Wren e Boyle escreveram a experiência, publicaram-na, e
continuaram as suas vidas longe da medicina, deixando para ela uma ideia
brilhante. Mas como tantas vezes acontece a quem está à frente do seu tempo e
não é compreendido, essa ideia não foi aproveitada. Só no século XIX ela foi
recuperada, primeiro para administração subcutânea de líquidos, através dum tudo
oco com um trocarte aguçado dentro, e depois com a inovação das agulhas
metálicas pontiagudas para injecções subcutâneas, intramusculares e endovenosas,
com o uso de seringas, surgindo depois a inovação dos sistemas tubulares de
administração intravenosa. As seringas já existiam no tempo dos romanos, serviam para introduzir líquidos
em espaços limitados, e foram sendo modificadas e aperfeiçoadas ao longo dos
tempos, por sucessivas inovações. A seringa de vidro, na forma como hoje a
conhecemos, apareceu em meados desse século.

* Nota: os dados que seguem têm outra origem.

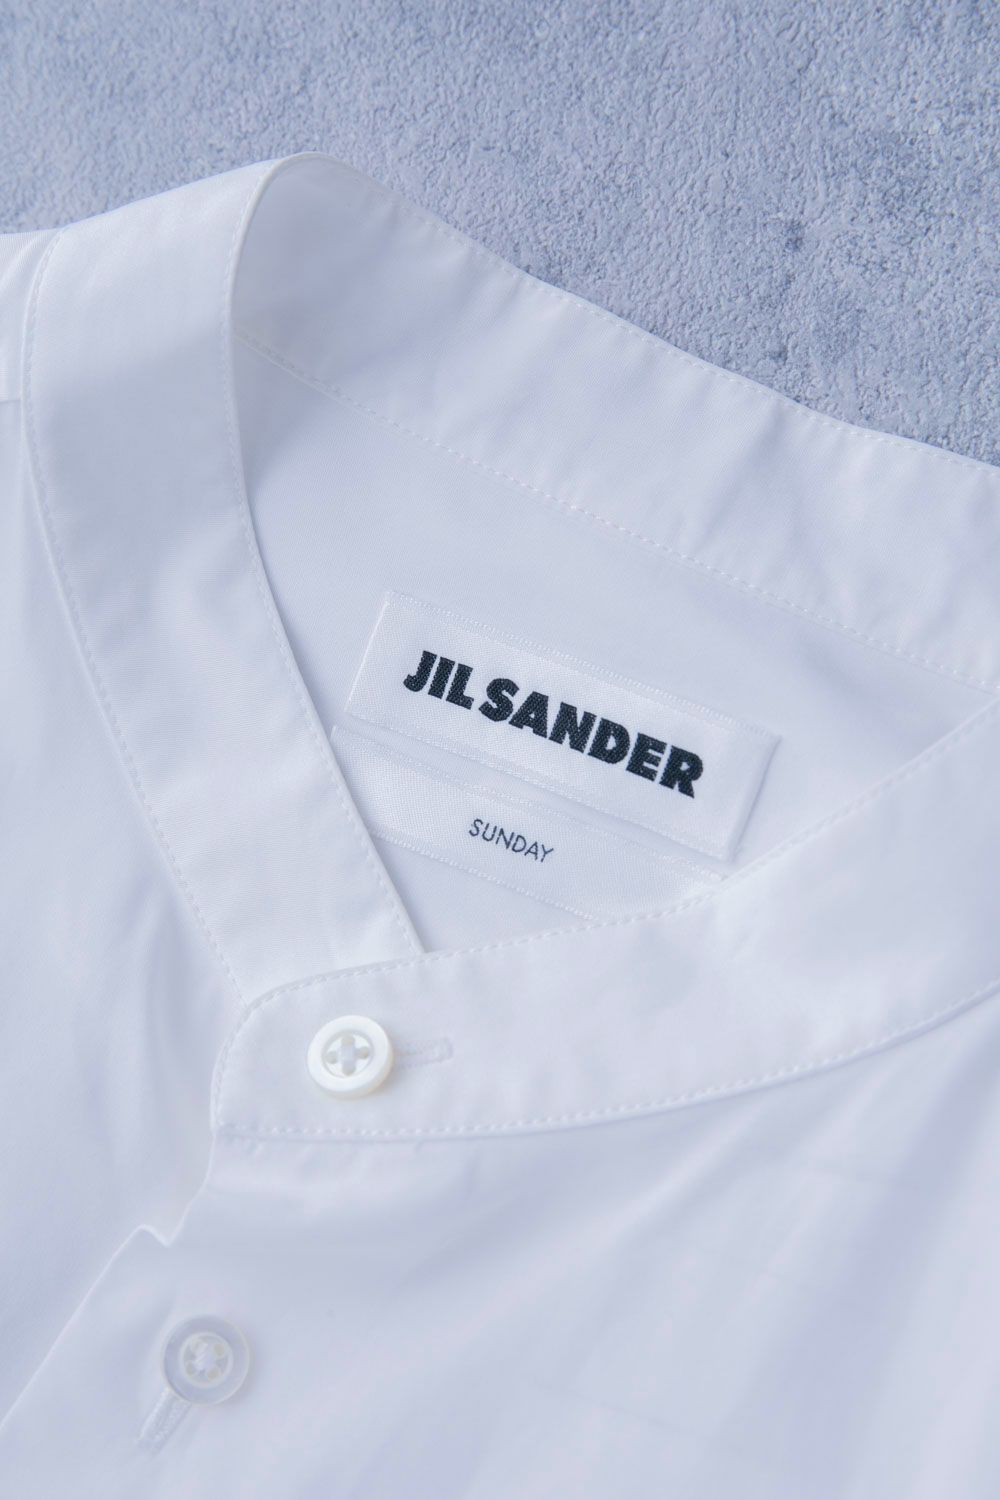 JIL SANDER ジルサンダー Sunday ロングシャツ/スタンドカラーロング

Pode-se dizer que a agulha oca abriu o caminho à medicina
moderna, quer do ponto de vista diagnóstico, quer terapêutico. Punções as mais
variadas, cateteres de todos os tipos, não existiriam sem ela. Ligada ao
aparecimento dos cateteres, outra invenção
foi o cateter de balão para embolectomia. E os balões para angioplastia, depois
com a inovação do stent que fica no
local após a plastia arterial.
Do ponto de vista imagiológico há inúmeras inovações, a partir
da invenção que foi a radiografia. Também nas técnicas cirúrgicas
as inovações vão aparecendo, muitas delas baseadas nas inovações tecnológicas
cada vez mais frequentes, muitas delas motivadas pelas necessidades sentidas
pelos cirurgiões na sua prática. E tem havido translação de técnicas dumas
áreas cirúrgicas para outras, levadas a cabo por cirurgiões com uma experiência
ampla, dumas e doutras.
Uma inovação cirúrgica importante, que correspondeu na
realidade a uma mudança de paradigma, foi, às clássicas intervenções de
ressecção, de remoção do que está doente, se terem juntado intervenções
planeadas de acordo com a fisiologia, e a fisiopatologia das doenças em causa,
de modo a, através de alterações anatómicas, se poder recuperar, ou modificar,
uma função. Foi uma inovação conceptual, que trouxe o que podemos chamar “cirurgia
fisiológica”, de que são exemplos a cirurgia do refluxo gastroesofágico e a
cirurgia metabólica e da obesidade.
Thomas Fogarty, o inventor do cateter de embolectomia, diz que
“os inovadores quebram regras e vão contra o que está estabelecido”. Na
verdade, é sabido que se fazem coisas extraordinárias, em termos de novidade e
mudança, fora das guidelines. O que
não impede que estas se devam conhecer, e sobretudo os princípios e os
trabalhos que a elas levaram. Precisamente não se pode ignorar o conhecimento
destes se quisermos tentar fazer diferente. Mas o seguimento cego de
protocolos, por quem só sabe fazer duma maneira e faz sempre igual, não conduz
seguramente à inovação e ao progresso.
Finalmente, uma
chamada de atenção para que o que é novo não é sempre bom, ou melhor. Devemos ter um espírito aberto para as
inovações, mas ao mesmo tempo crítico, capaz de avaliar os prós e os contras, e
sem querer forçosamente seguir a novidade apenas para sermos “modernos”. Há sempre um tempo para se afirmar a validade
duma inovação, ou para a infirmar. Esse tempo de espera avaliadora vale nos
dois sentidos: para se dizer que é válida e se deve passar a usar, ou para se
chegar à conclusão que não traz vantagens e por isso se deve abandonar. Lembremo-nos
que nem tudo o que é inovação funciona bem logo de início, às vezes a ideia é
boa mas a sua aplicação na prática demora a aperfeiçoar-se, e há que aguardar,
ou procurar, esse aperfeiçoamento, sem a falta de paciência de a recusar precocemente,
não lhe dando a oportunidade de se vir a afirmar.